After Chaudhry said he fought for the Islamic State, Conservative MPs called for action against him. Opposition House Leader Candice Bergen criticized Canada's Prime Minister Justin Trudeau and the Liberal government during Question Period for not ordering law enforcement to arrest him. Bergen also called for Public Safety Minister Ralph Goodale to reveal whether the government knew where Chaudhry was, but Goodale stated that doing so would be the "opposite of keeping Canadians safe". Trudeau called questions about Chaudhry "divisive" and received criticism from conservative journalist Brian Lilley.

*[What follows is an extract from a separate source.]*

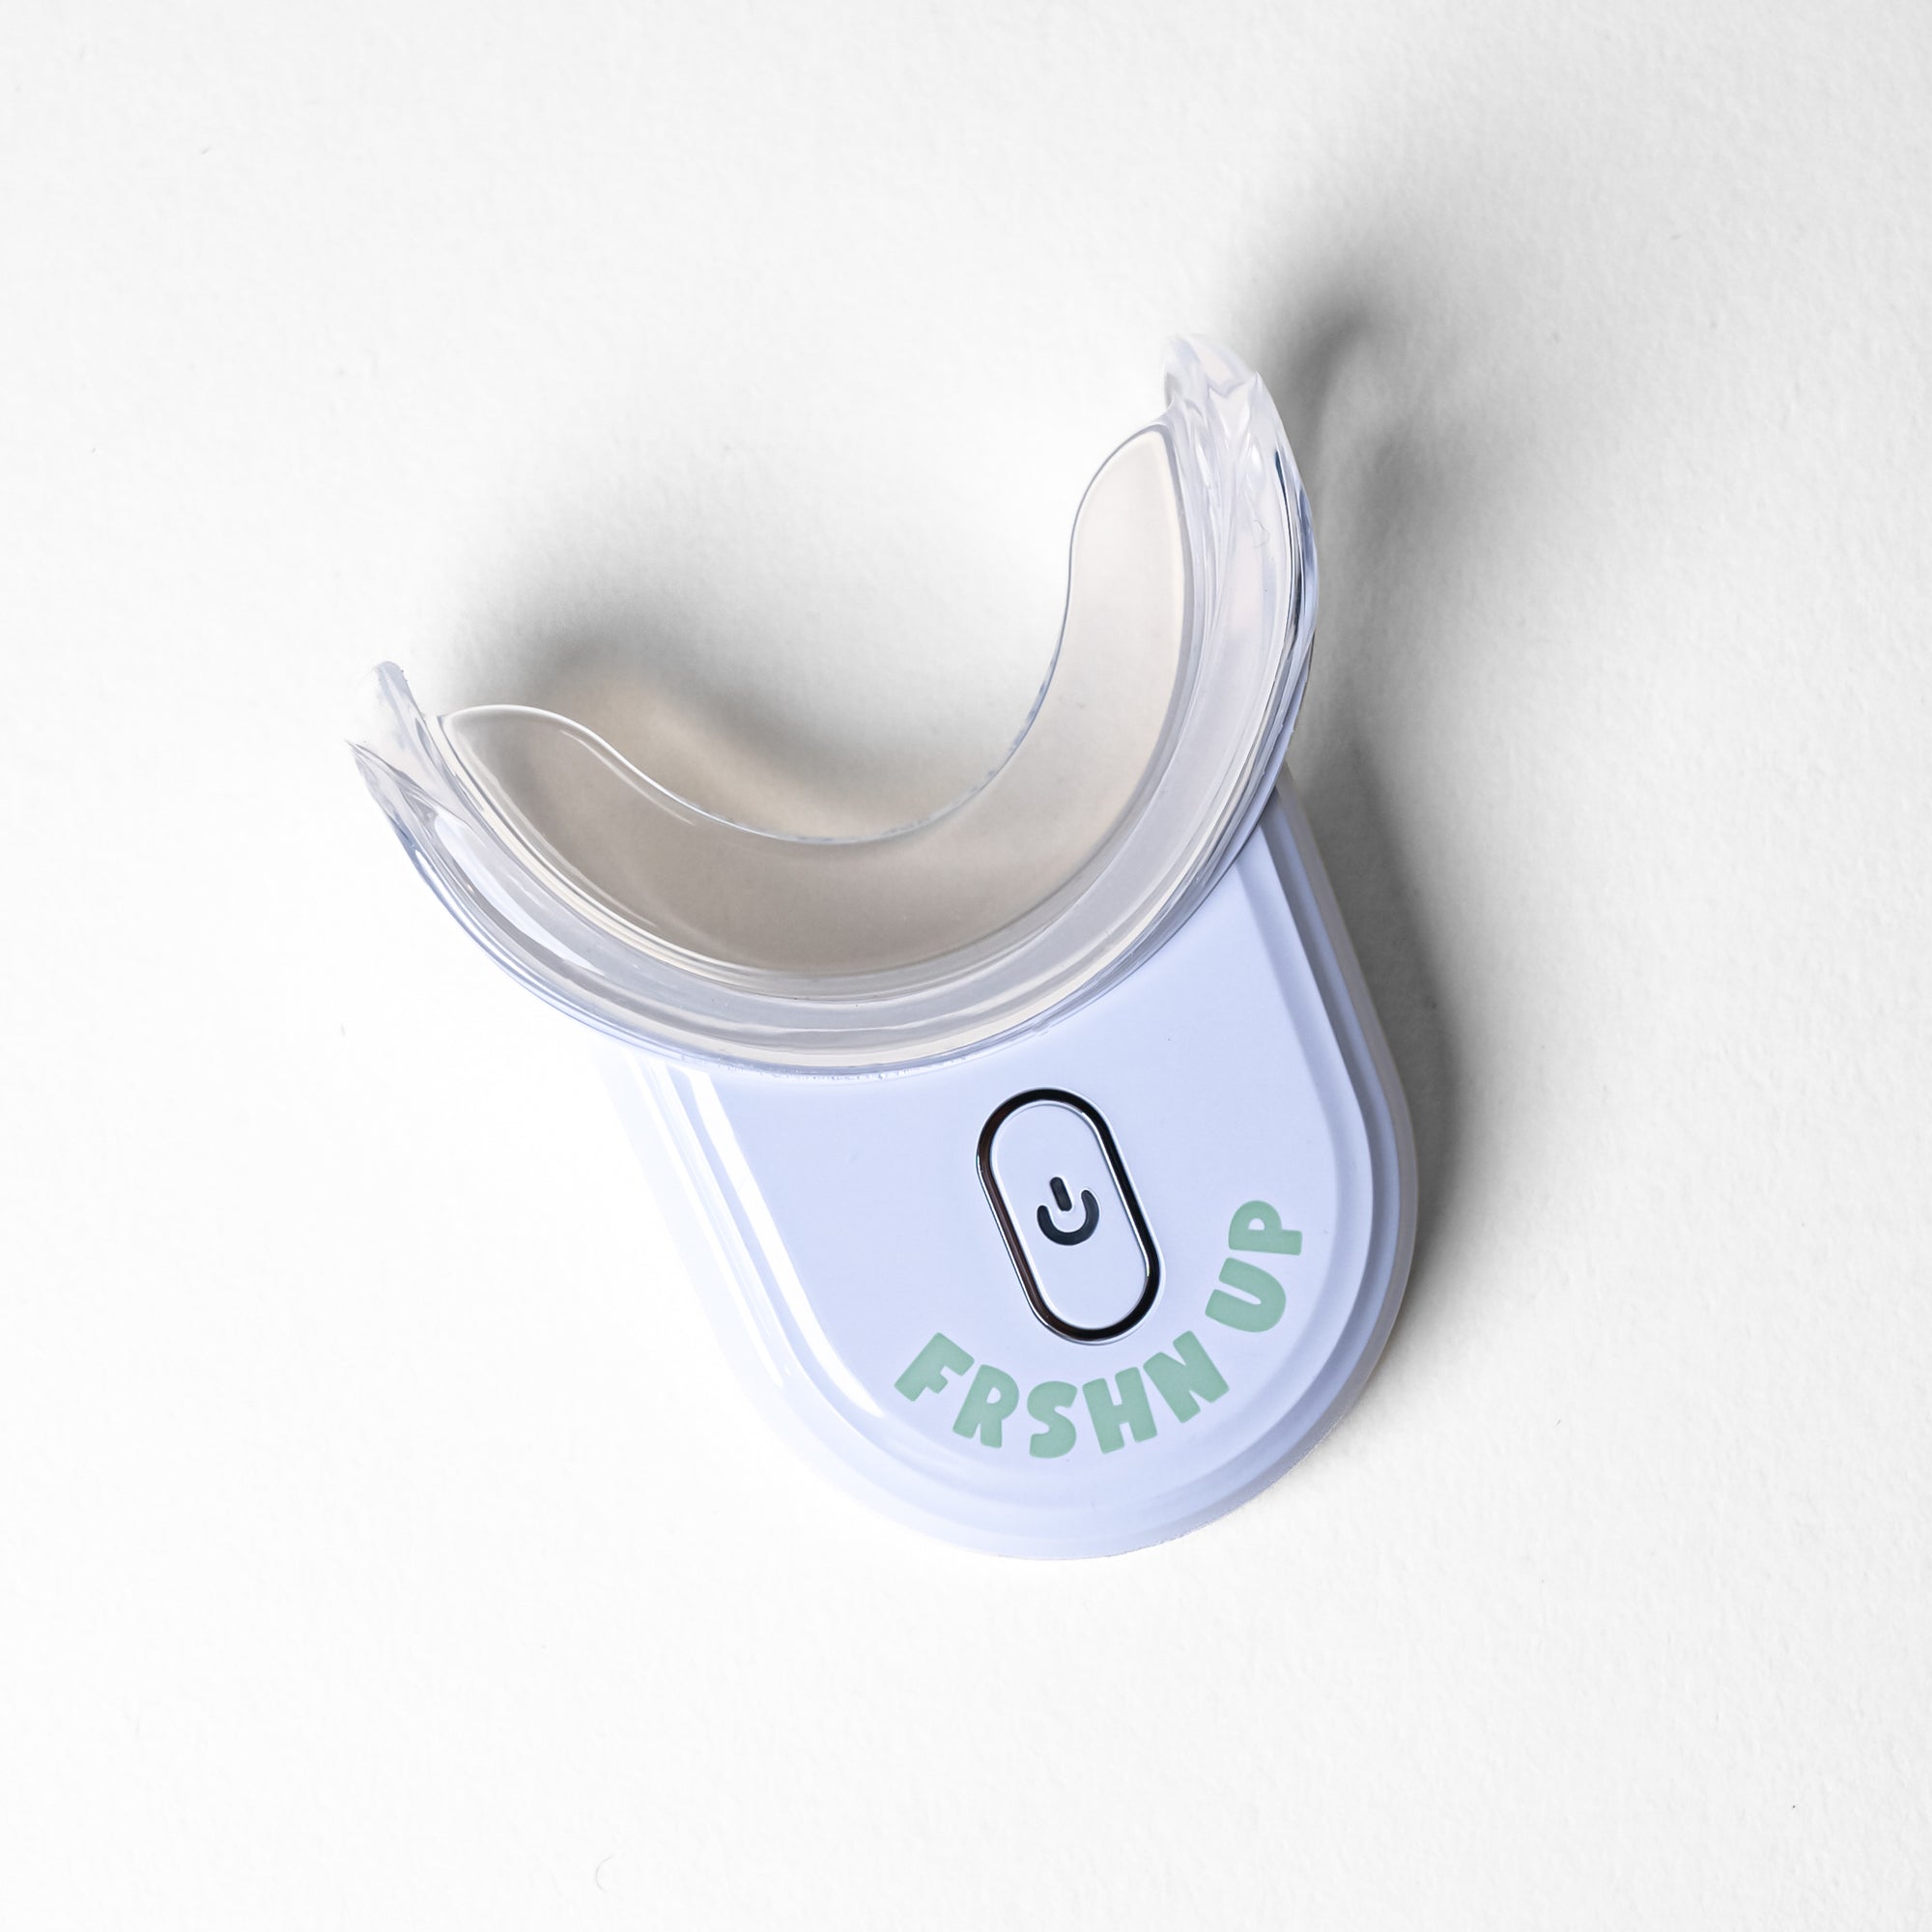 A white and clear dental mouthpiece device with a button and the words "FRSHN UP" printed on the front, designed with a teeth whitening hydrogen-peroxide formula endorsed by dental professionals, the Deluxe Lightening Whitening Kit by FRSHN UP.

In 2018, Chaudhry also received concerns from television journalist Diana Swain that he may have lied to The New York Times or CBC News since his stories to the two outlets contained significant differences.

In September 2020, Chaudhry was arrested by the RCMP's O Division Integrated National Security Enforcement Team (INSET) and charged with fabricating his accounts on social media and to CBC about his story of joining the Islamic State. In October 2021, in exchange for the Canadian government dropping charges, he submitted a statement of facts to the court that he never traveled to Syria, and agreed to a peace bond of $10,000. In the statement of facts, he said that Callimachi had at times "expressly encouraged" him to "discuss violent acts", though she denies having done so.

In December 2020, The New York Times retracted its reporting on Chaudhry in the Caliphate podcast, saying it "did not meet its standards for accuracy or fact-checking" and that they had no evidence that he had ever been to Syria. The Times reassigned Callimachi and returned the Peabody Award won by the podcast, and the Overseas Press Club rescinded its Lowell Thomas Award.